こだわる大人の特選グルメ
大人のとっておきレストラン
誕生日や記念日などの特別な日は、心地よい空間でとびきり美味しい料理と共に迎えたい。
そんな気持ちに応えてくれる、身も心も満たす、とっておきのレストランをご紹介。
割烹
【国際センター】淡 如雲
肉割烹というスタイルで、
ひと味違う和の世界を堪能し尽くす
 名古屋駅から程近くにありながら、江戸時代の面影を今なお残す四間道。この静かな界隈に、肉割烹というスタイルで新たな風を吹き込んでいるのが、『淡 如雲』だ。
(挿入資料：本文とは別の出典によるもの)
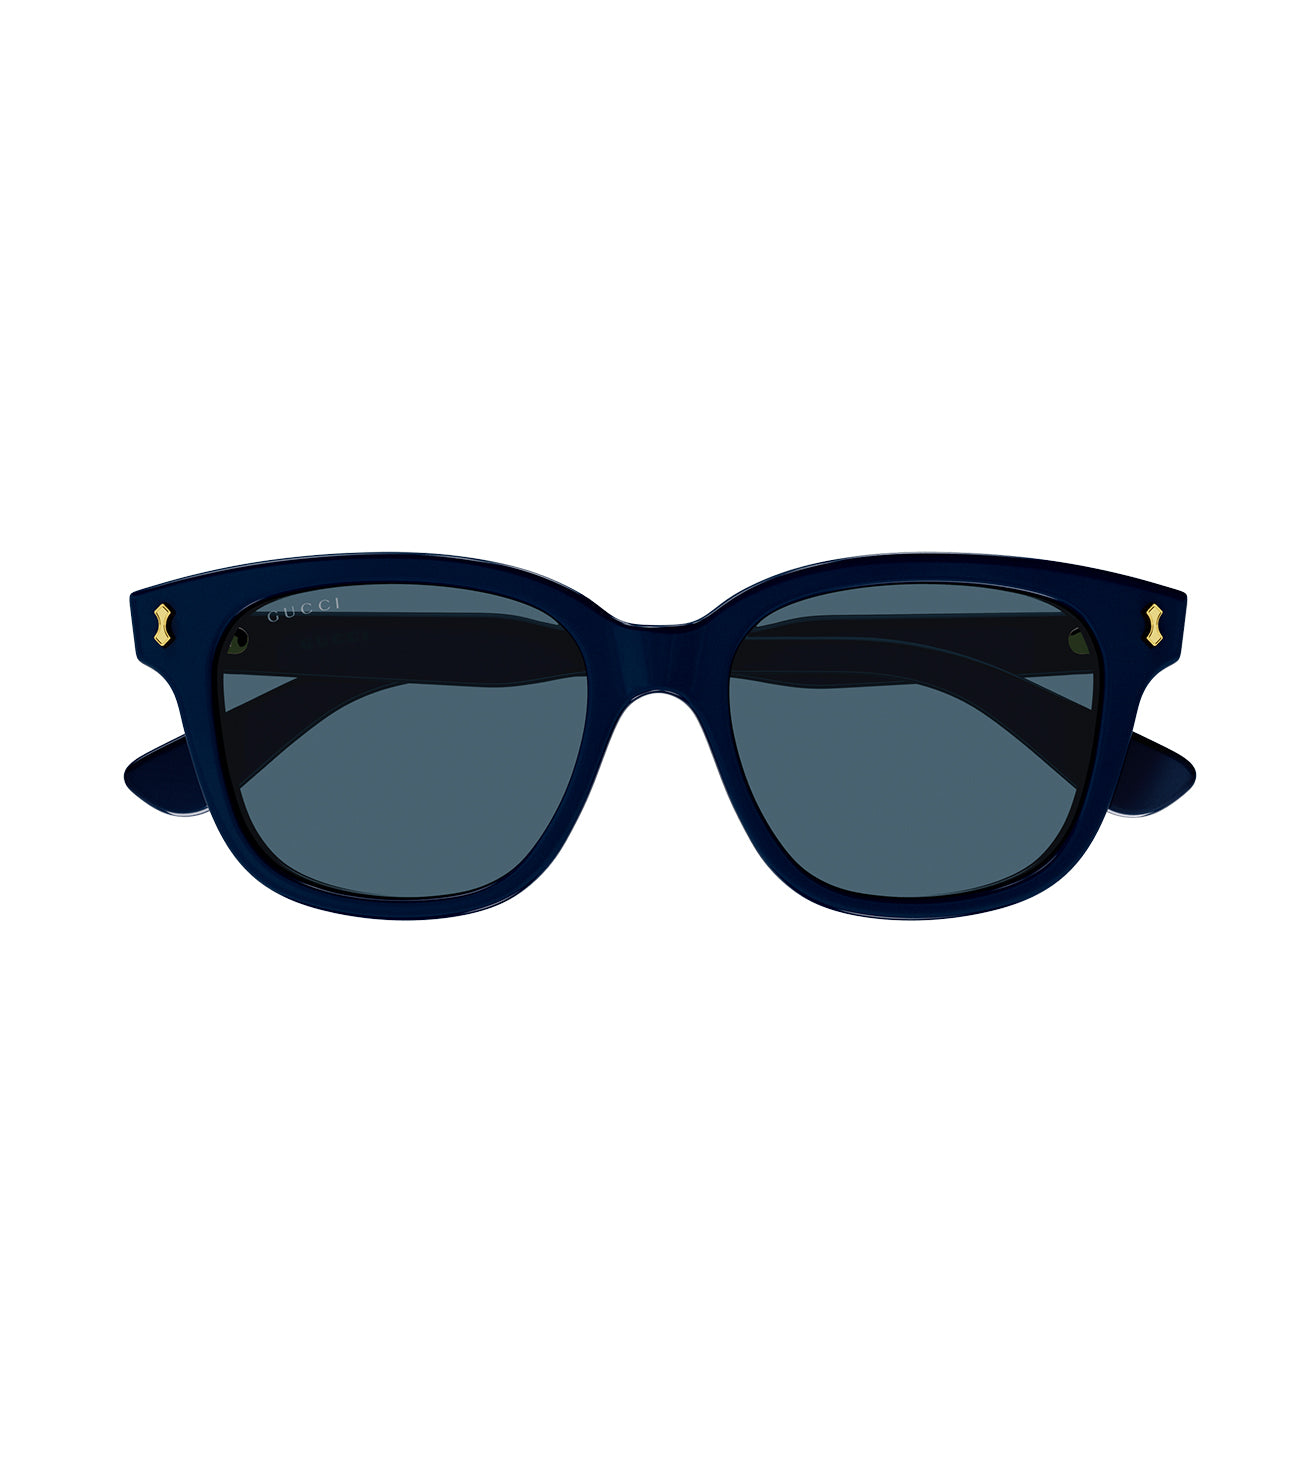 Gucci Men's Blue Square Sunglasses

店主の山内昭如さんは岐阜県多治見市で和食店『如雲 やま内』を9年に渡り営み続けてきたが、42歳で心気一転。この地に同店をオープンさせた。今注目の気鋭店である。

上品な佇まいの店舗は、お茶屋の先生の自宅を改装したもの。黒漆喰の壁、檜のカウンター、見上げれば米松の梁がわたる開放的な吹き抜け天井。この和モダンな空間で味わえるのが、肉という食材で繰り広げる和の世界だ。店主が目利きする和牛は飛騨牛、佐賀牛を中心に、ベストな状態のものだけを選りすぐった極上品。これにエイジング(熟成)を施す。その手法は、昆布や酒粕、幽庵焼きなどを用い、低温加熱するという和のエイジングで、和牛香を損なわないものなのだという。さらには肉のポテンシャルを最大限引き出すことができる。
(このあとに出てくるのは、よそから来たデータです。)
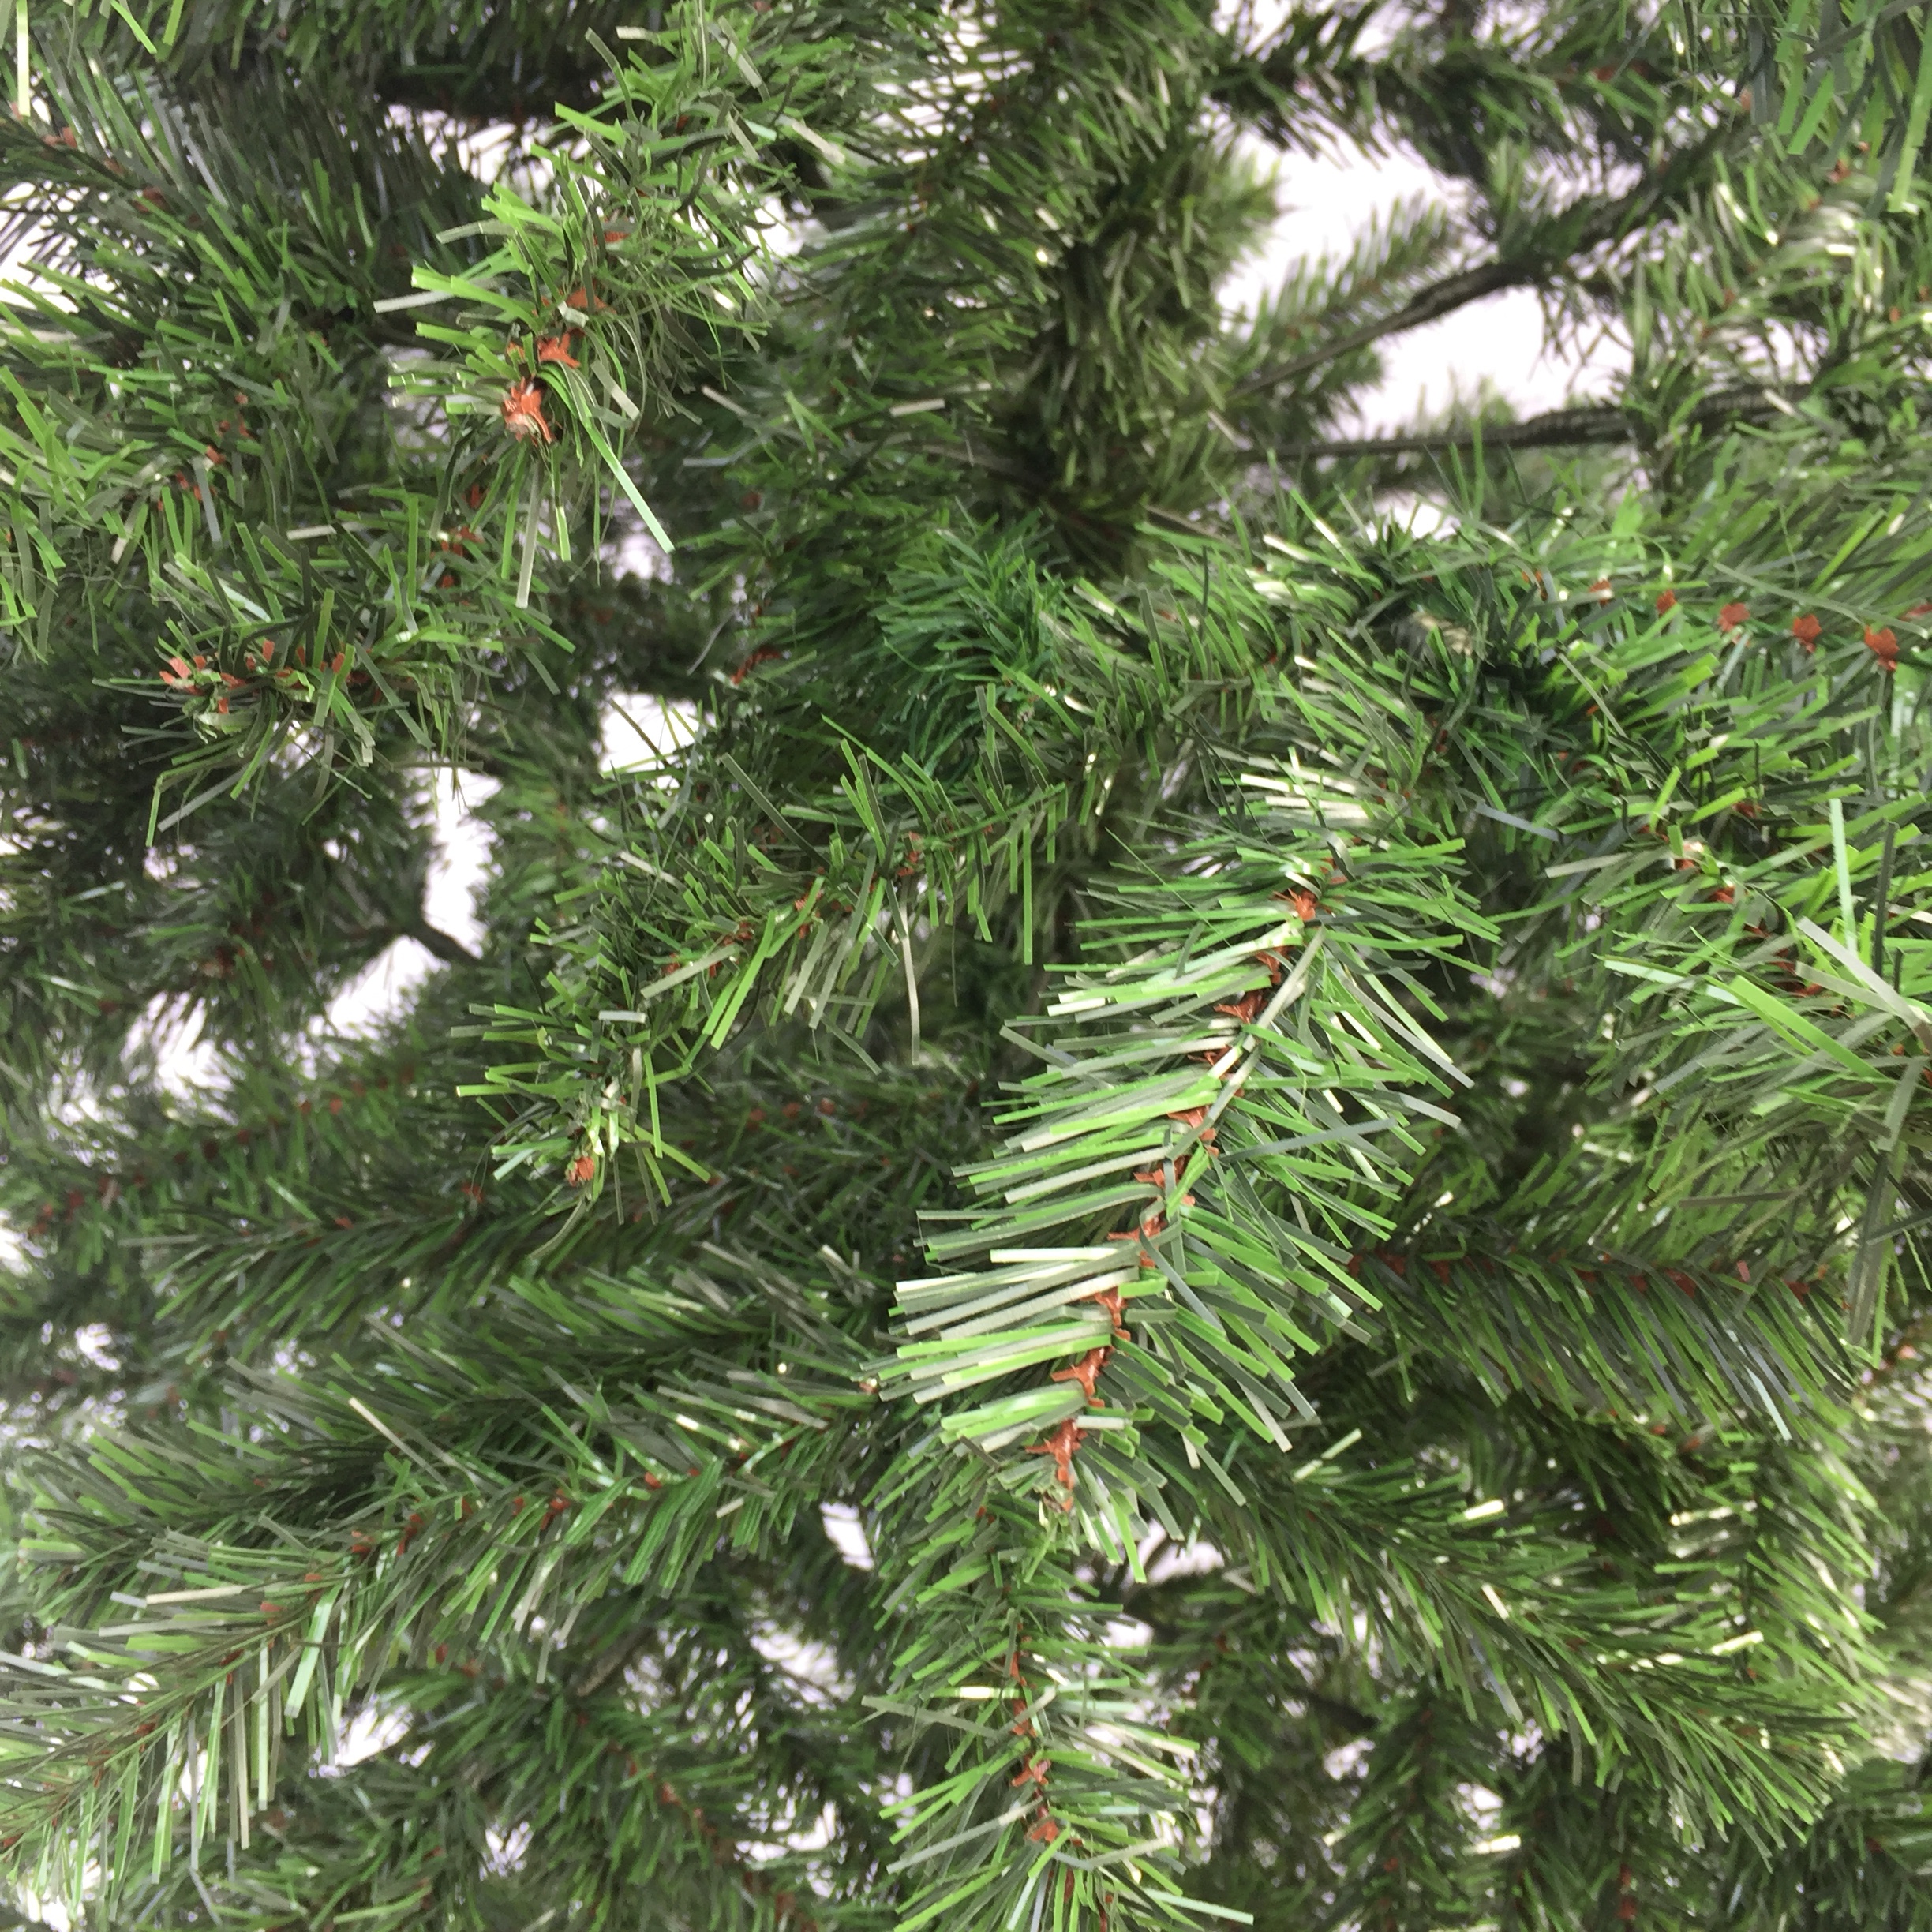 Cây thông lá xanh cao 1,8m trang trí Giáng sinh Noel (Tặng 1 ngôi sao 5 cánh và 2 dây kim tuyến 1,8m )

「ただ、魚と牛肉とではタンパク質が違うので、締め方や漬け方は通常とは異なります」と山内さんは言う。つまりは和食の料理人としての経験が裏打ちされた技法なのだ。
 料理はコースのみで、ひと皿目から先付、椀物、ご飯のお供まで全て肉尽くし。それぞれの味わいや食感にも変化が感じられる、肉好きを満足させるコース展開だ。しかしながら、店名に込められた〝淡きこと雲の如し″という意味のごとく、決して重くないというのもさすが。そして最後は「茶器は喫茶店でカップを選ぶような感覚で、好みのものを選んでください」と言う店主が立てたお茶でシメ。山内さんならではのスタイルで繰り広げられる世界に、最後までとことん浸らせてくれる。
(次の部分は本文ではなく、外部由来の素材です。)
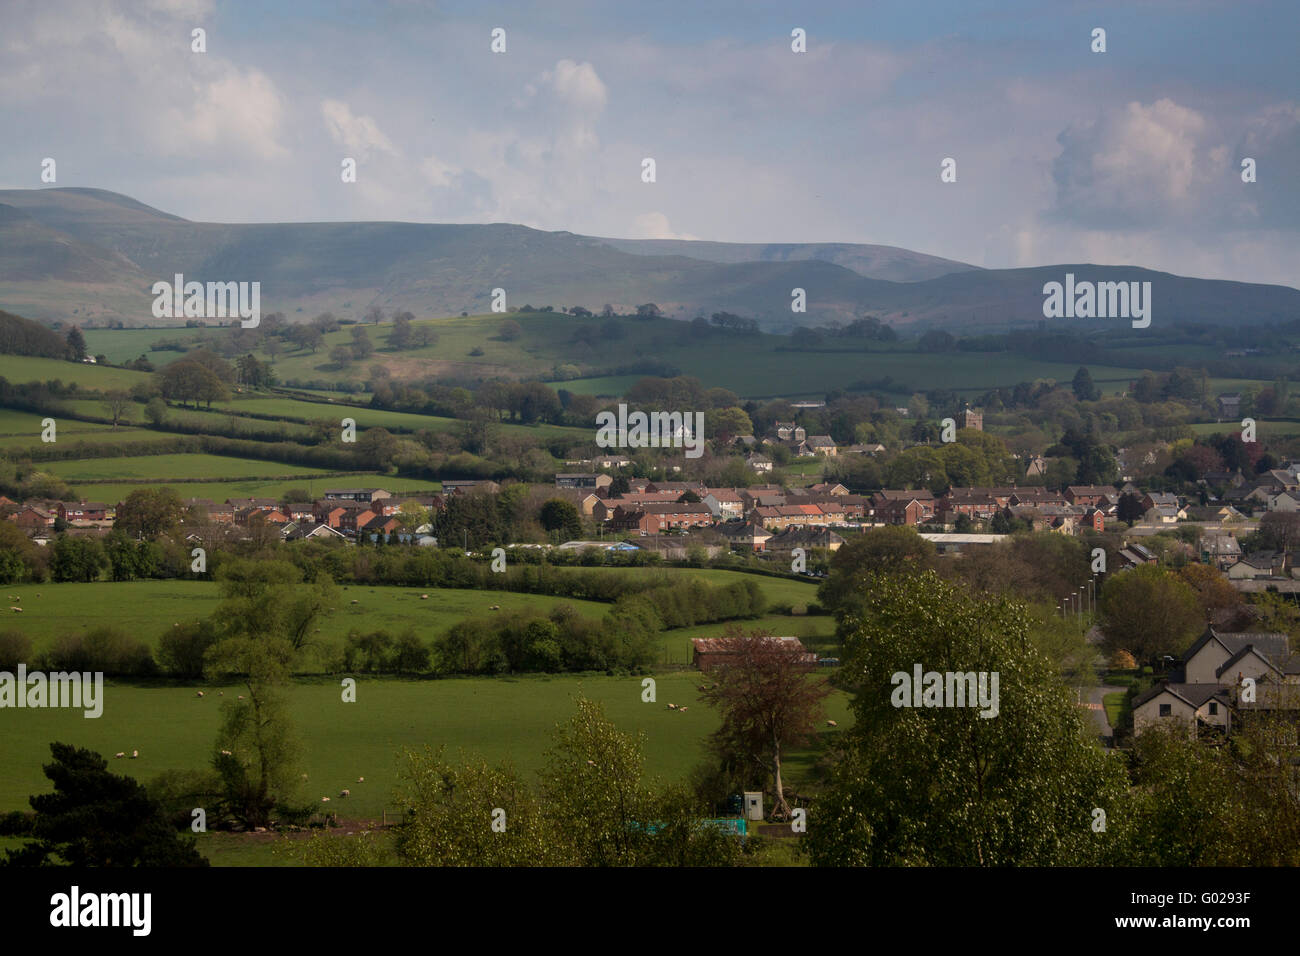 La ville de Talgarth avec les montagnes en arrière-plan noir Parc national de Brecon Beacons Powys Pays de Galles UK Banque D'Images

上写真:檜のカウンターは6席。目の前には、安藤工の作品をはじめ、京の骨董など茶器が整然と並ぶ。
中写真:コース¥5,500〜の一例、わさび漬けイチボを握りにした寿司などが盛られた八寸。
下写真:酒粕や辛子、西京味噌、赤味噌などを用いた和の技法で2〜3週間エイジング。